Max_update is not backward compatible. Fix in this diff.

Summary: max_update assertion in tri_stage_lr is introduced in D25040041 (6d2cf0d). It requires max-update to be defined, and breaks the backward compatibility of existing recipes. Since max-update is ONLY used when phase-ratio is defined. We recommend this change to keep it from breaking existing model recipes. Reviewed By: myleott Differential Revision: D25204247 fbshipit-source-id: 01f6f2f0935dfaff9f23501158af608e5d507145
facebookresearch · Nov 30, 2020 · f732b40 · f732b40
1 parent 9cf0bd9
commit f732b40
Showing 1 changed file with 2 additions and 2 deletions.

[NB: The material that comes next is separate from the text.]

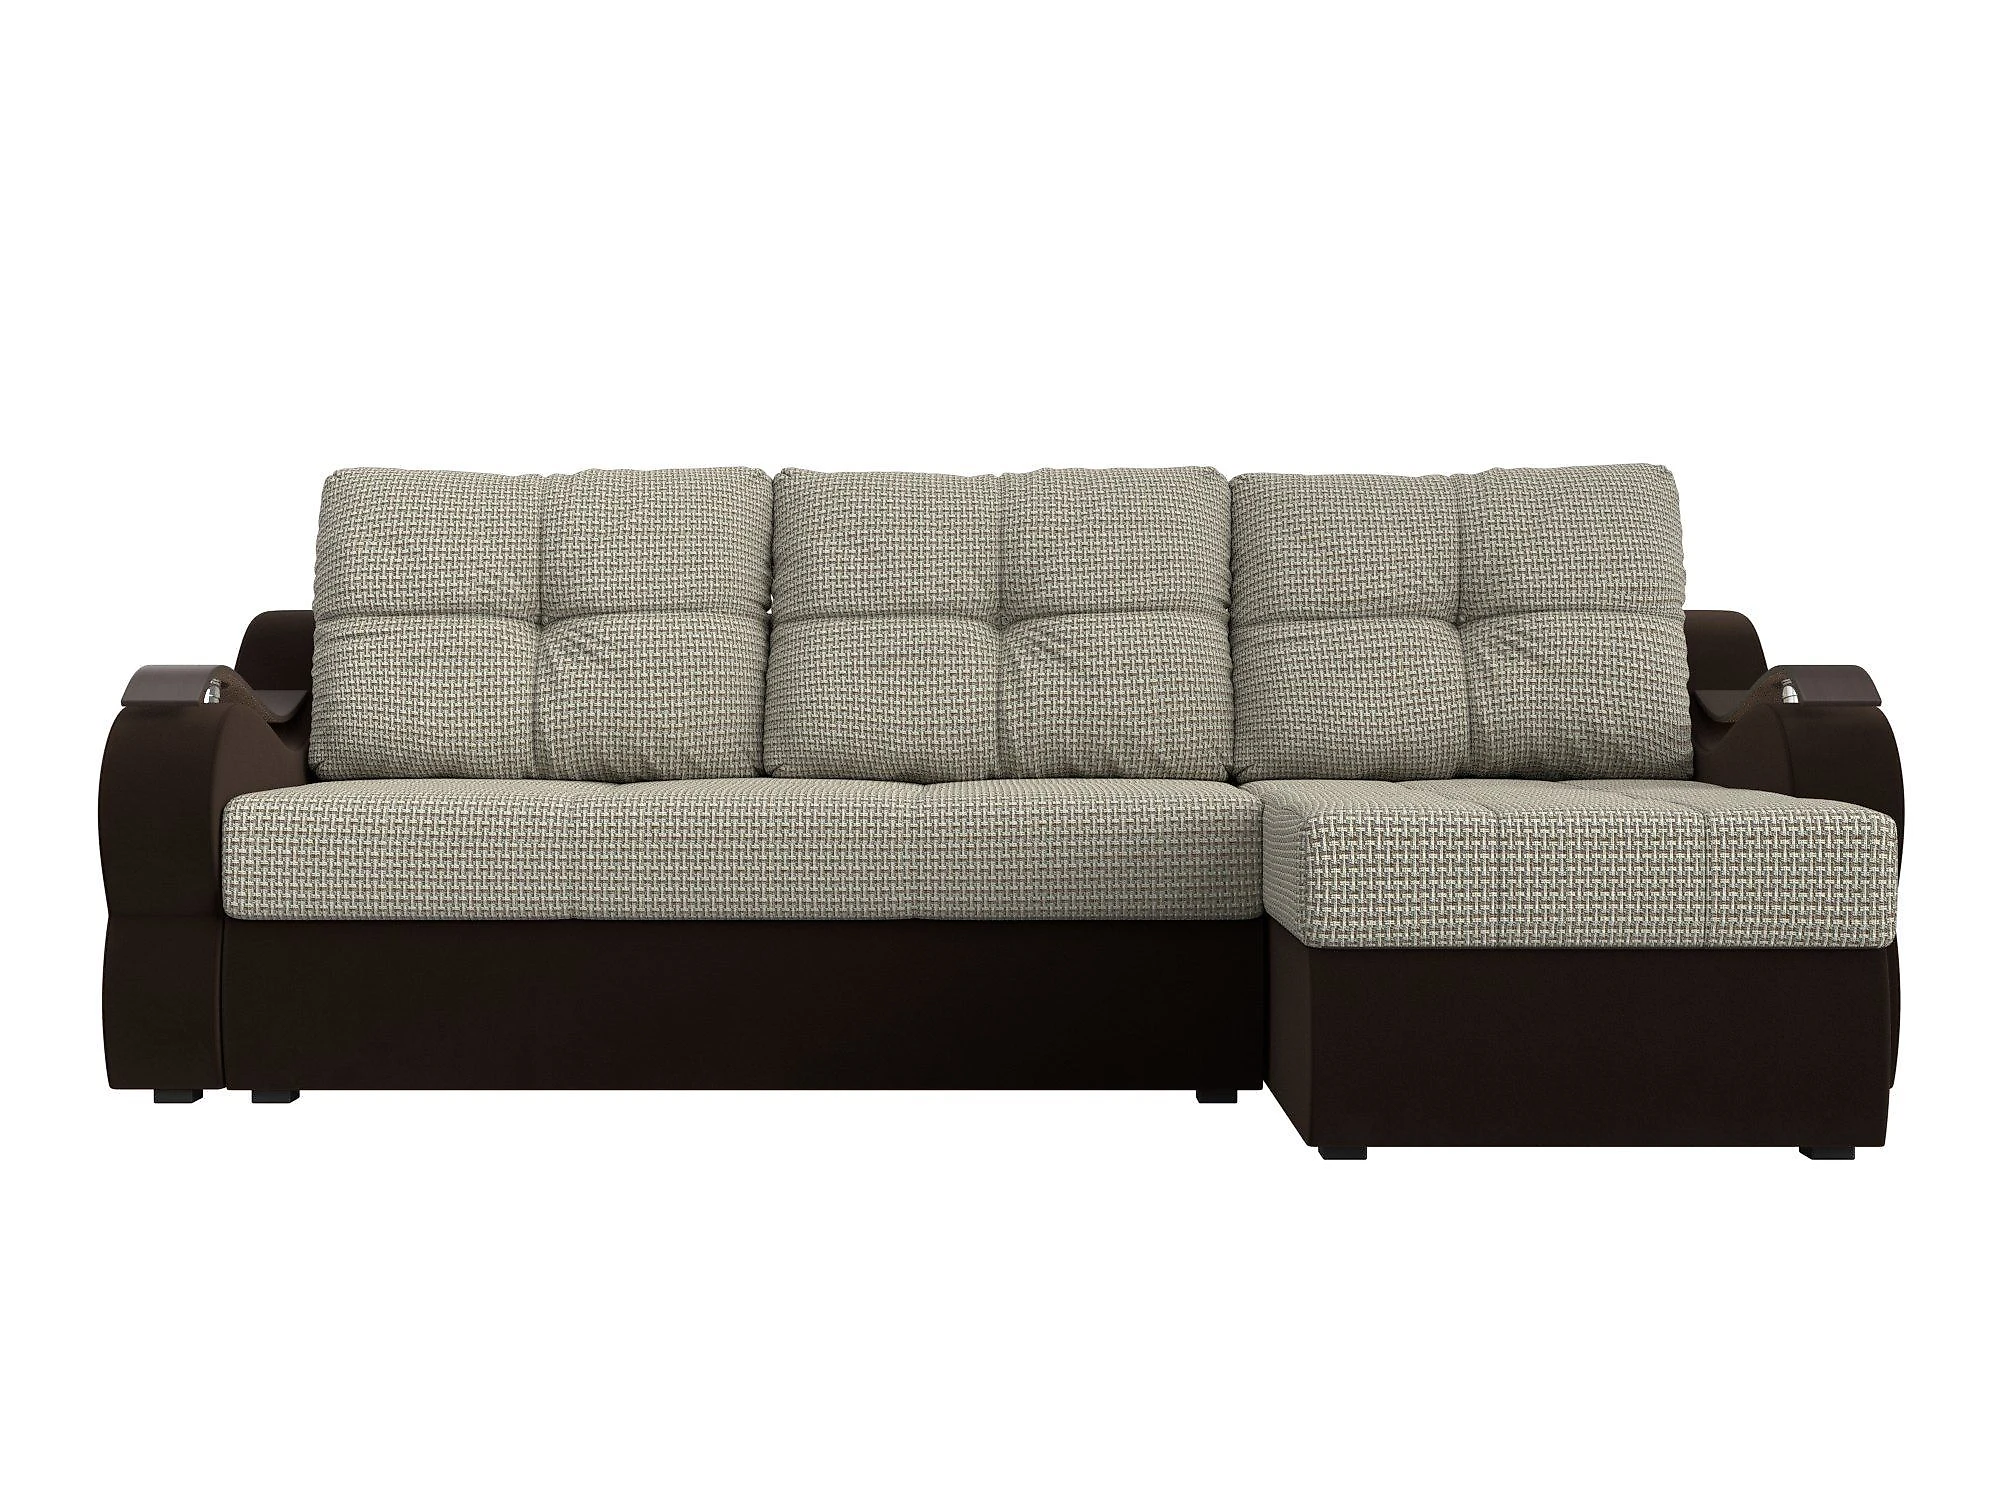  угловой диван из рогожки Меркурий Дизайн 9
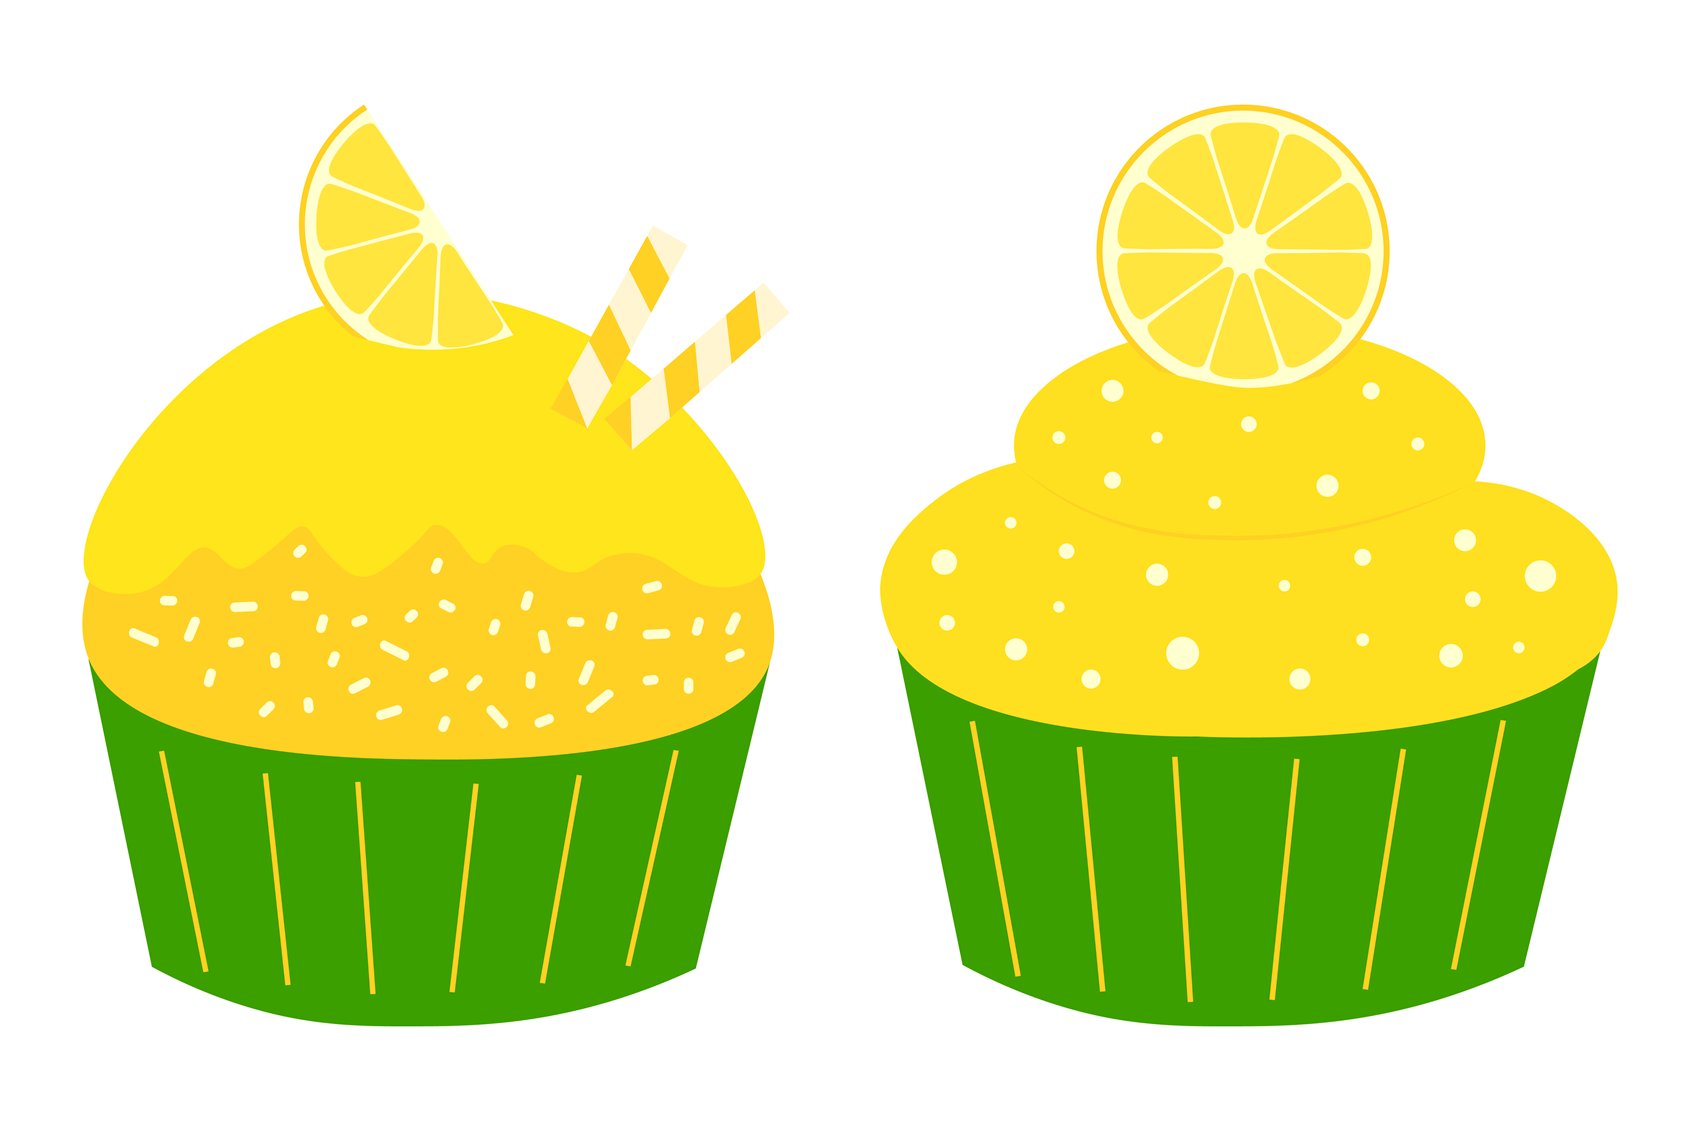 Amazing lemon cakes.

diff --git a/fairseq/optim/lr_scheduler/tri_stage_lr_scheduler.py b/fairseq/optim/lr_scheduler/tri_stage_lr_scheduler.py
@@ -48,7 +48,7 @@ class TriStageLRScheduleConfig(FairseqDataclass):
 
 
 @register_lr_scheduler("tri_stage", dataclass=TriStageLRScheduleConfig)
-class TriStageLRScheduleConfig(FairseqLRScheduler):
+class TriStageLRSchedule(FairseqLRScheduler):
     """Tristage learning rate schedulr
 
     Implement the learning rate scheduler in https://arxiv.org/pdf/1904.08779.pdf
@@ -93,14 +93,14 @@ def __init__(self, cfg: TriStageLRScheduleConfig, optimizer):
                 "Cannot use a fixed learning rate schedule with tri-stage lr."
                 " Consider --lr-scheduler=fixed instead."
             )
-        assert cfg.max_update > 0
 
         # calculate LR at each point
         self.peak_lr = cfg.lr[0]
         self.init_lr = cfg.init_lr_scale * cfg.lr[0]
         self.final_lr = cfg.final_lr_scale * cfg.lr[0]
 
         if cfg.phase_ratio is not None:
+            assert cfg.max_update > 0
             assert sum(cfg.phase_ratio) == 1, "phase ratios must add up to 1"
             self.warmup_steps = int(cfg.max_update * cfg.phase_ratio[0])
             self.hold_steps = int(cfg.max_update * cfg.phase_ratio[1])